Risk sentiment remains in flux. After a steady climb in risk assets since late April and with the S&P 500 edging toward the symbolic 6,000 mark amid declining volatility, President Trump abruptly reignited trade tensions, proposing a steep 50% tariff on EU goods (up from the previous 20%). The timing has not gone unnoticed, given the market’s elevated levels.
Markets, however, managed to stabilise after Trump announced an extension of the tariff implementation deadline to 9 July. European equities and U.S. futures opened higher this morning, though the episode serves as a sharp reminder of how swiftly policy risk can reprice calm into chaos. The BTC July to June vol spread, which topped 2 vols last week, has now compressed to under 1, a signal that the market may be bracing for another policy pivot ahead of the new deadline.
Inflation continues to frame the macro narrative.

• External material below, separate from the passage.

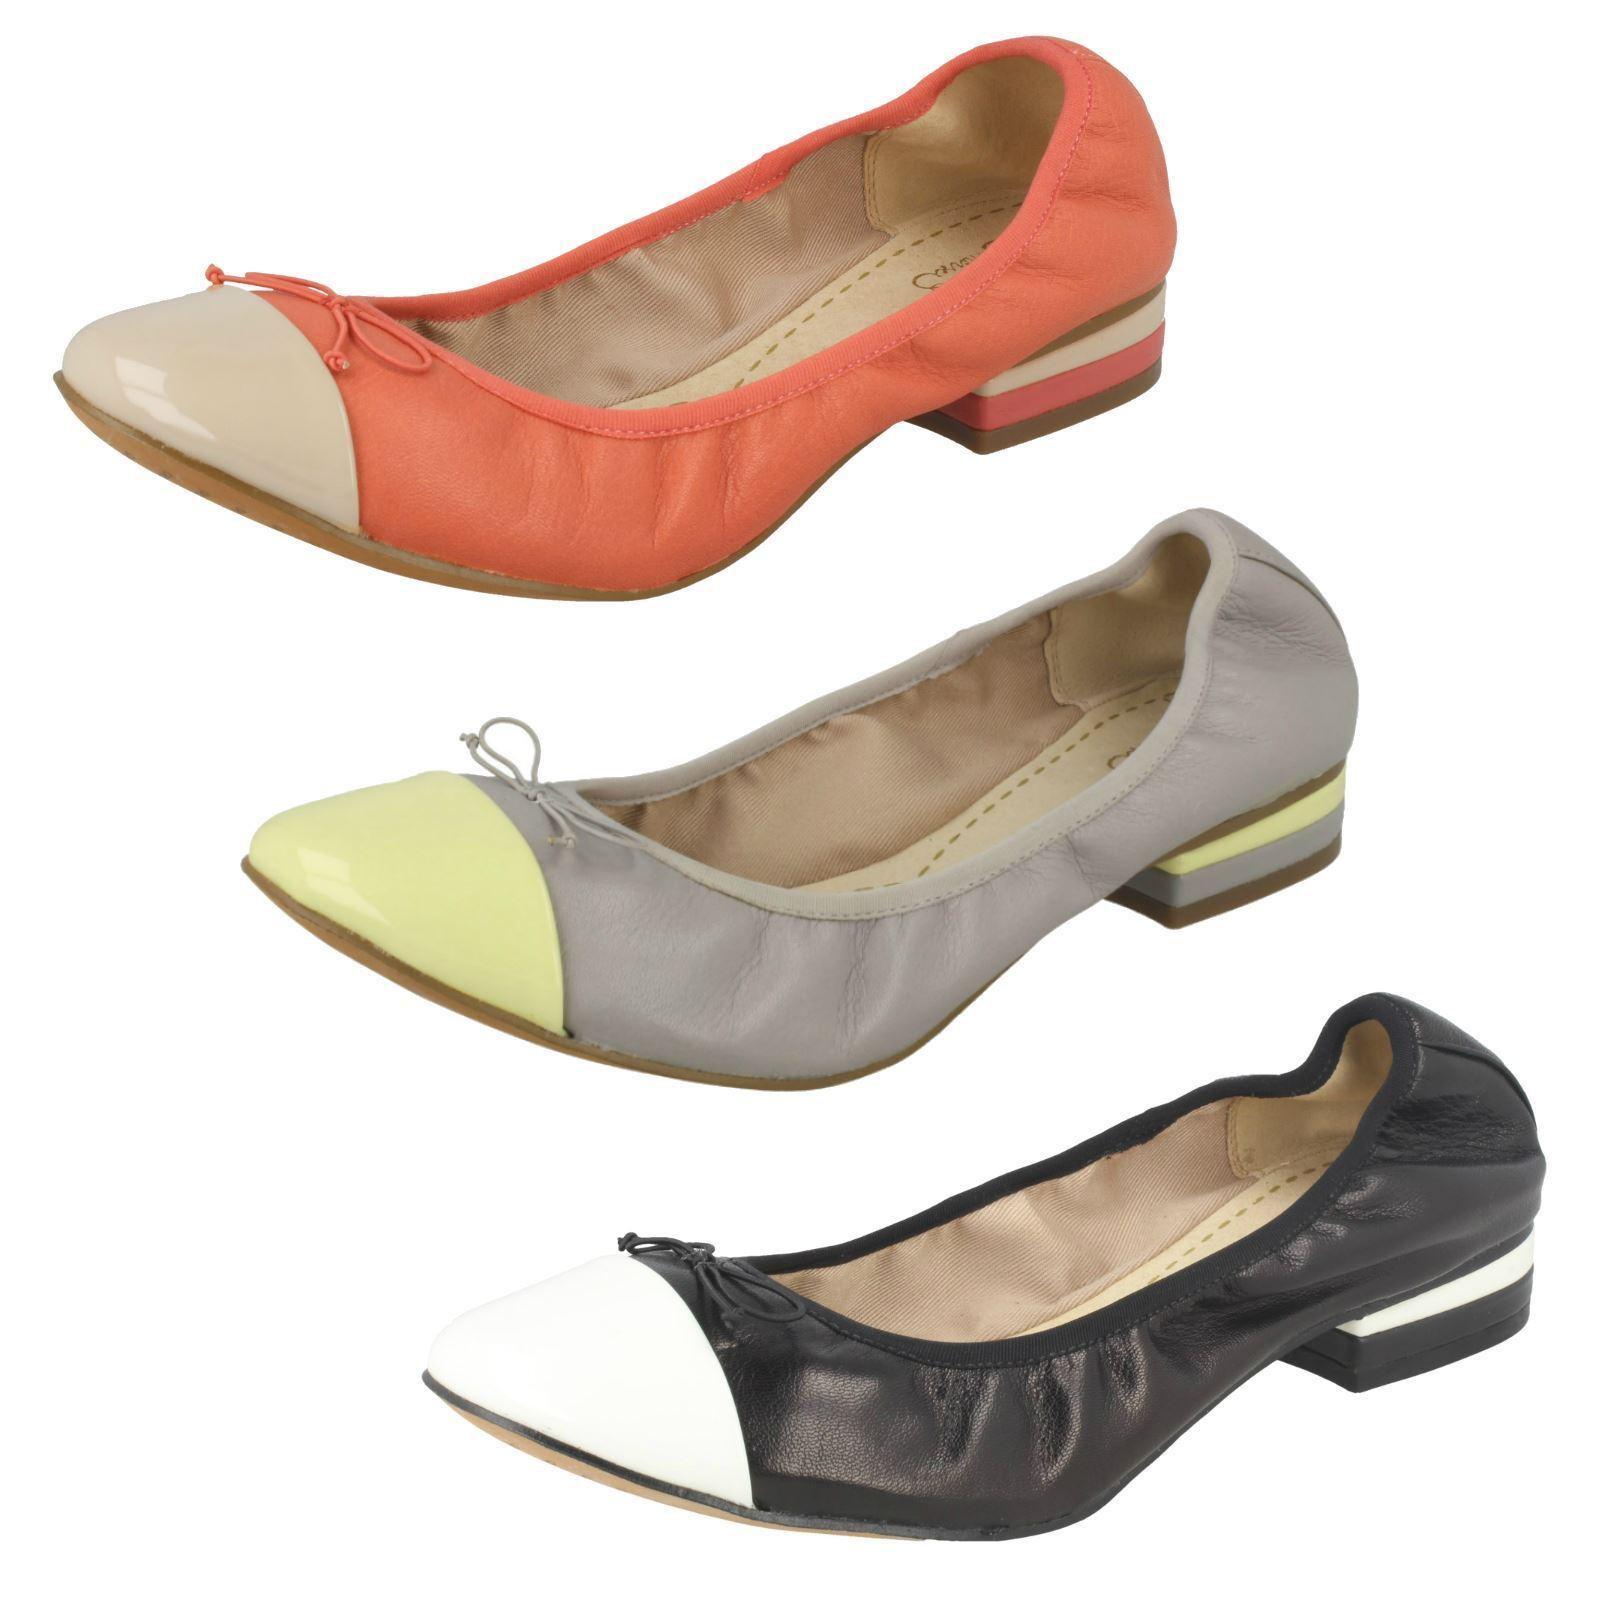 Clarks Zapatos Ditsy Vestido Damas Damas Damas informal Dolly  compra limitada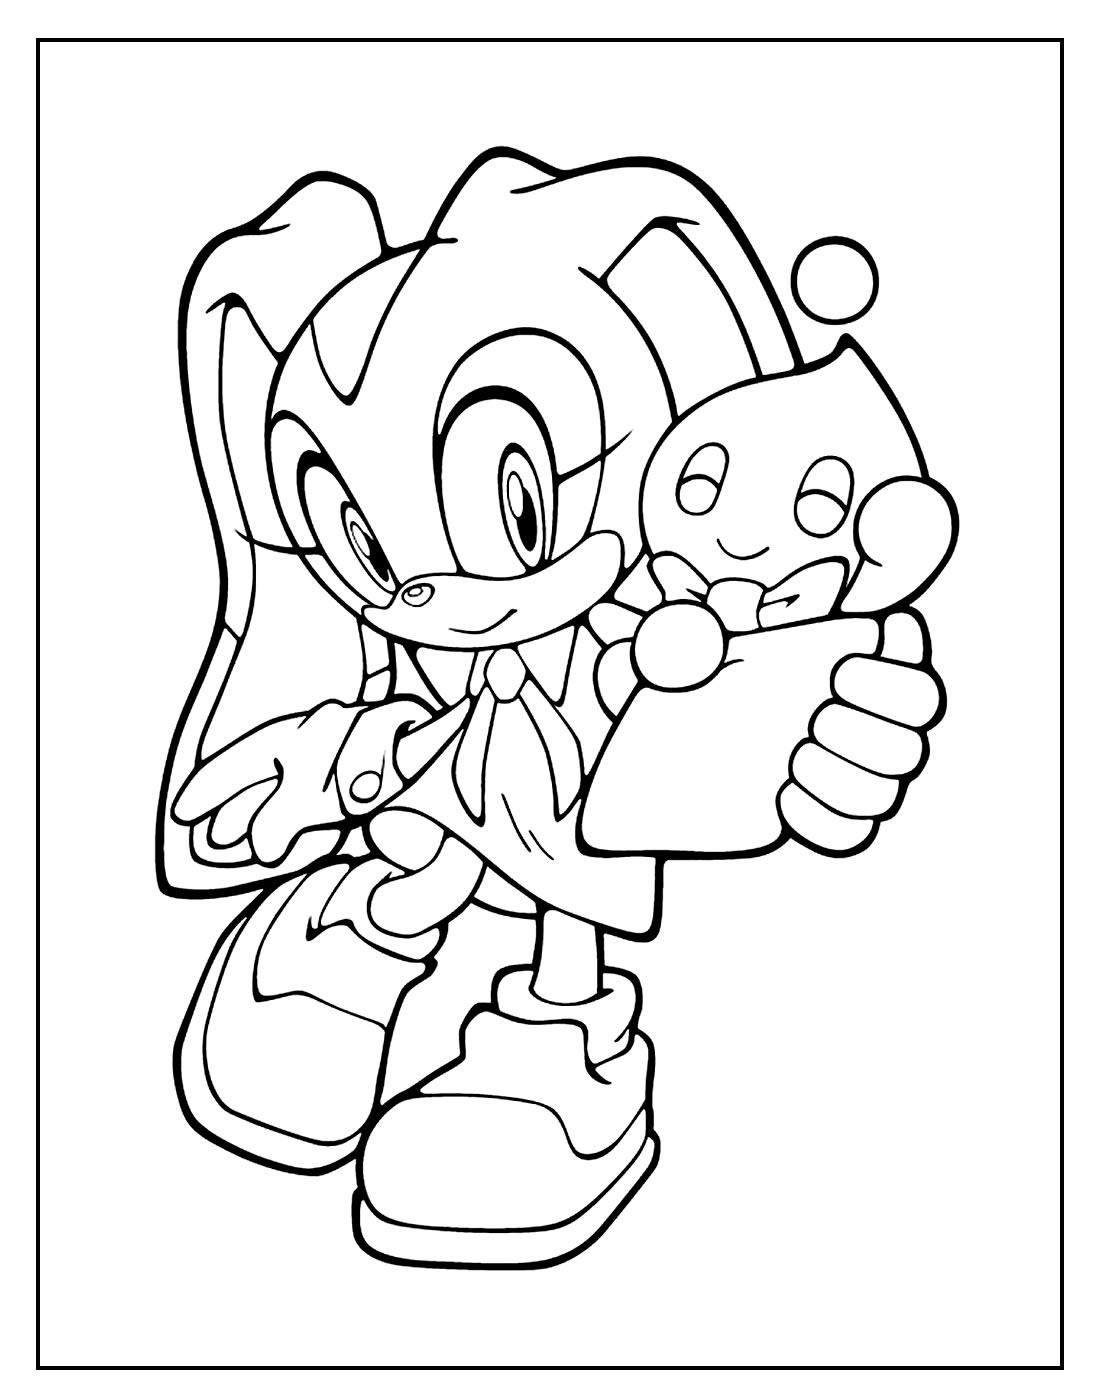 Desenho para colorir de Sonic

All eyes are on this Friday’s PCE print, a critical gauge for the Fed’s next steps. While oil prices have eased, rising port congestion in Europe is beginning to spill over into Asia and the U.S., threatening to lift shipping costs and trigger fresh, indirect inflationary pressures.
BTC dipped to $106K over the weekend, but snapped back to $110K, underpinned by persistent spot ETF inflows. BlackRock’s IBIT has now logged 30 consecutive days of net inflows, reinforcing the growing institutional foothold in digital assets.
What’s particularly notable is the divergence between crypto and tech equity sentiment. While digital assets hold firm, outflows from the TQQQ NASDAQ ETF since early April suggest investors are rotating or hedging despite the strength in broader equities.
In a world of erratic policymaking, crypto increasingly looks like the grown-up at the table.